Blackout (Newsflesh Trilogy, #3)Blackout by Mira Grant
My rating: 5 of 5 stars

So, no zombie clones. Even without them, this book was so good I flipped back to the beginning the moment I got to the end. I can’t stop re-reading it. It’s also the goriest, and most emotionally challenging of the three, but I guess that makes sense. Grant would want to go out with a bang, not a whimper. Or a moan. Since this book is full of zombies. It also has many other exciting things! Mad scientists (again)! Evil scientists (again)! Zombie bears! Bisexual characters! Gay characters! People of colour! It’s so exciting to read a novel populated by a variety of characters. Especially when the things that set them apart from the mainstream are presented as completely normal, just rating a casual mention.

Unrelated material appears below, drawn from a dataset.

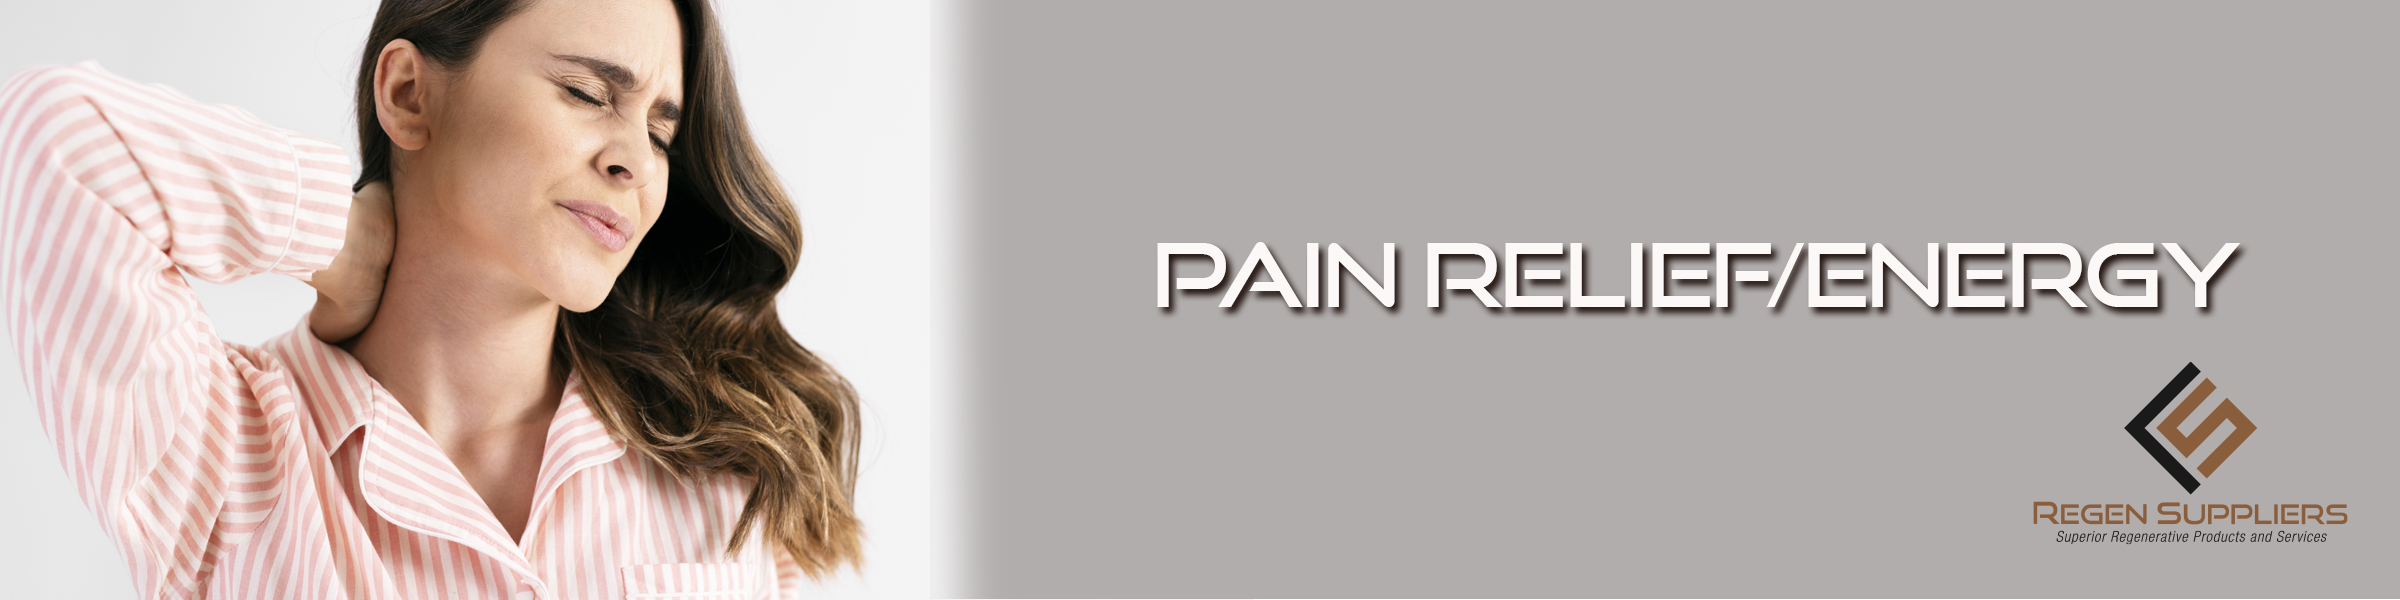 Pain Relief/Energy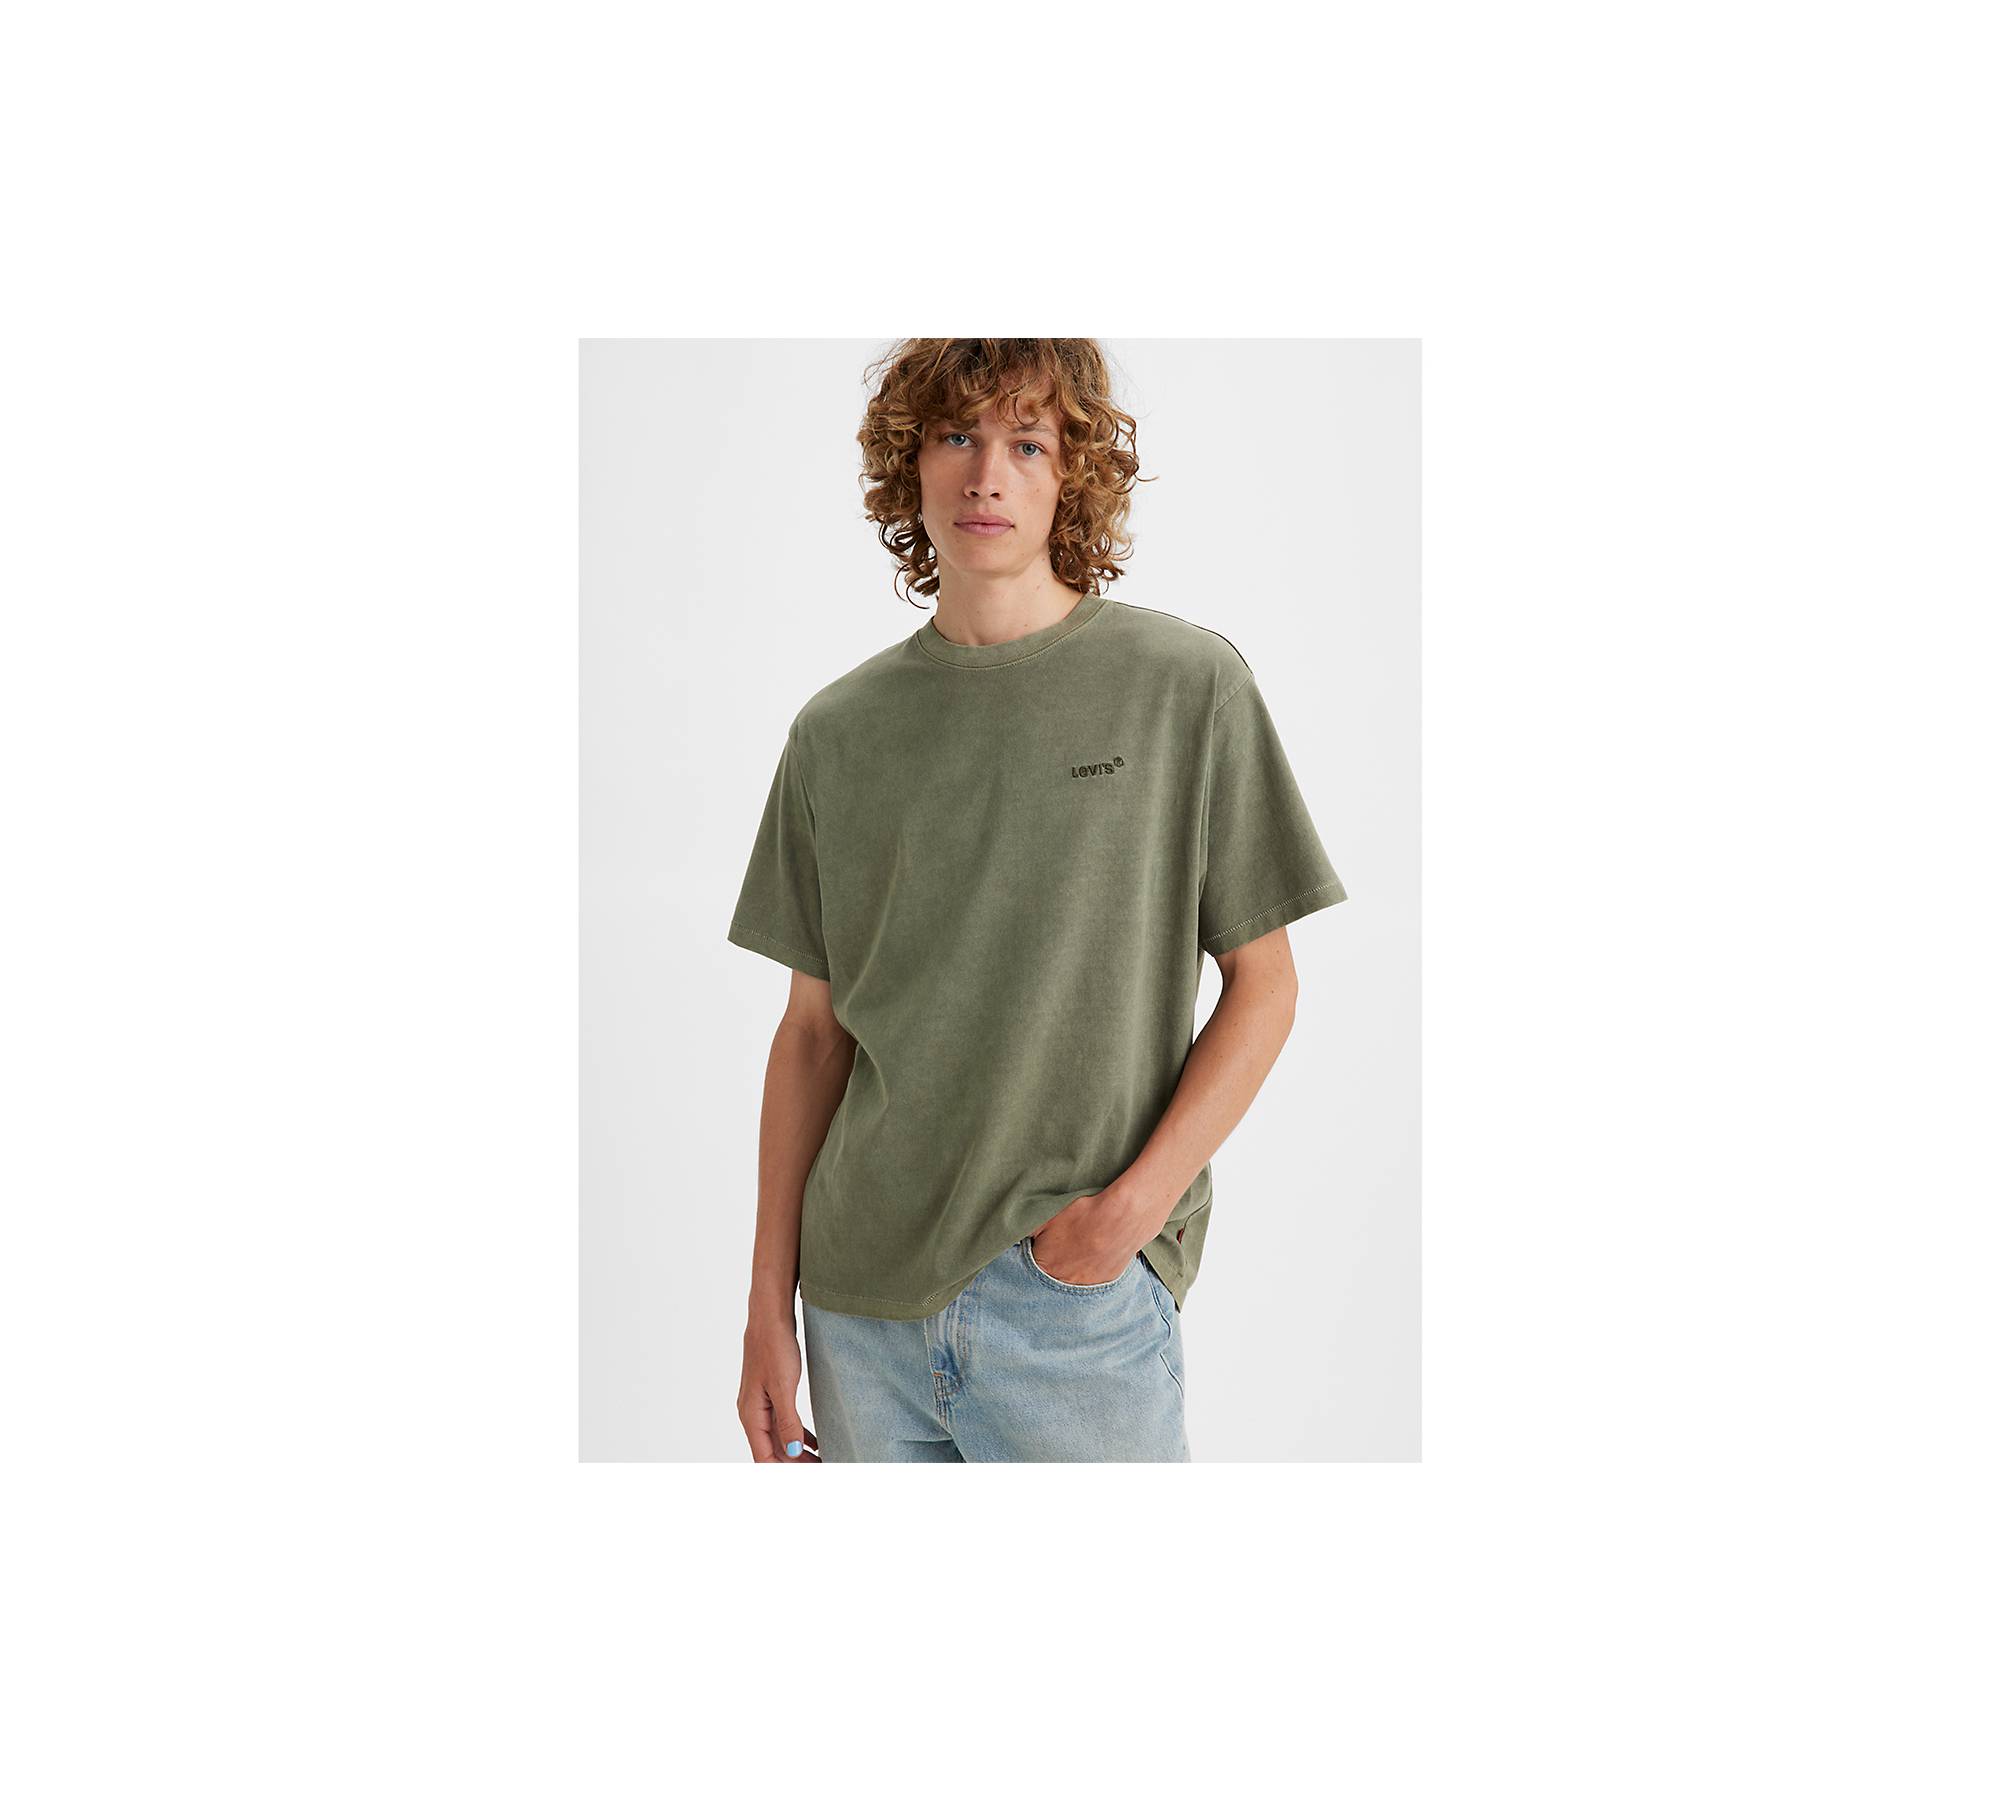 Levi's Red Tab Vintage T-Shirt - Men's - Thyme Garment Dye S

As if the non-white and non-heterosexual are an integral part of society. What a novel idea.

I’m very impressed with the way Grant wove the different books in this series together. Confusing things that happened in the first book get explained in the second, events that took place in the first two are shown in a completely new light in the third. As if Grant had the trilogy in her head in its entirety before she started writing. Perhaps she did. I have no idea how one creates a story this complex. Some of the issues are solved by having a couple of characters be extravagantly wealthy; you don’t have to worry about getting money for food while you’re off the grid if someone is happy to bankroll your flee from rogue government agencies. It’s always helpful to be close friends with the heir to a pharmaceutical behemoth.

Grant doesn’t answer all the ethical questions she poses in Feed, but she does offer a handy tip on choosing between right and wrong: “If you’re ever in a position to be making calls on right and wrong that can impact an entire nation, run your decisions by a six-year-old. If they look at you in horror and tell you you’re getting coal in your stocking for the rest of your life, you should probably reconsider your course of action. Unless you want to be remembered as a monster, in which case, knock yourself out.” (561) We should put more small children on ethics committees.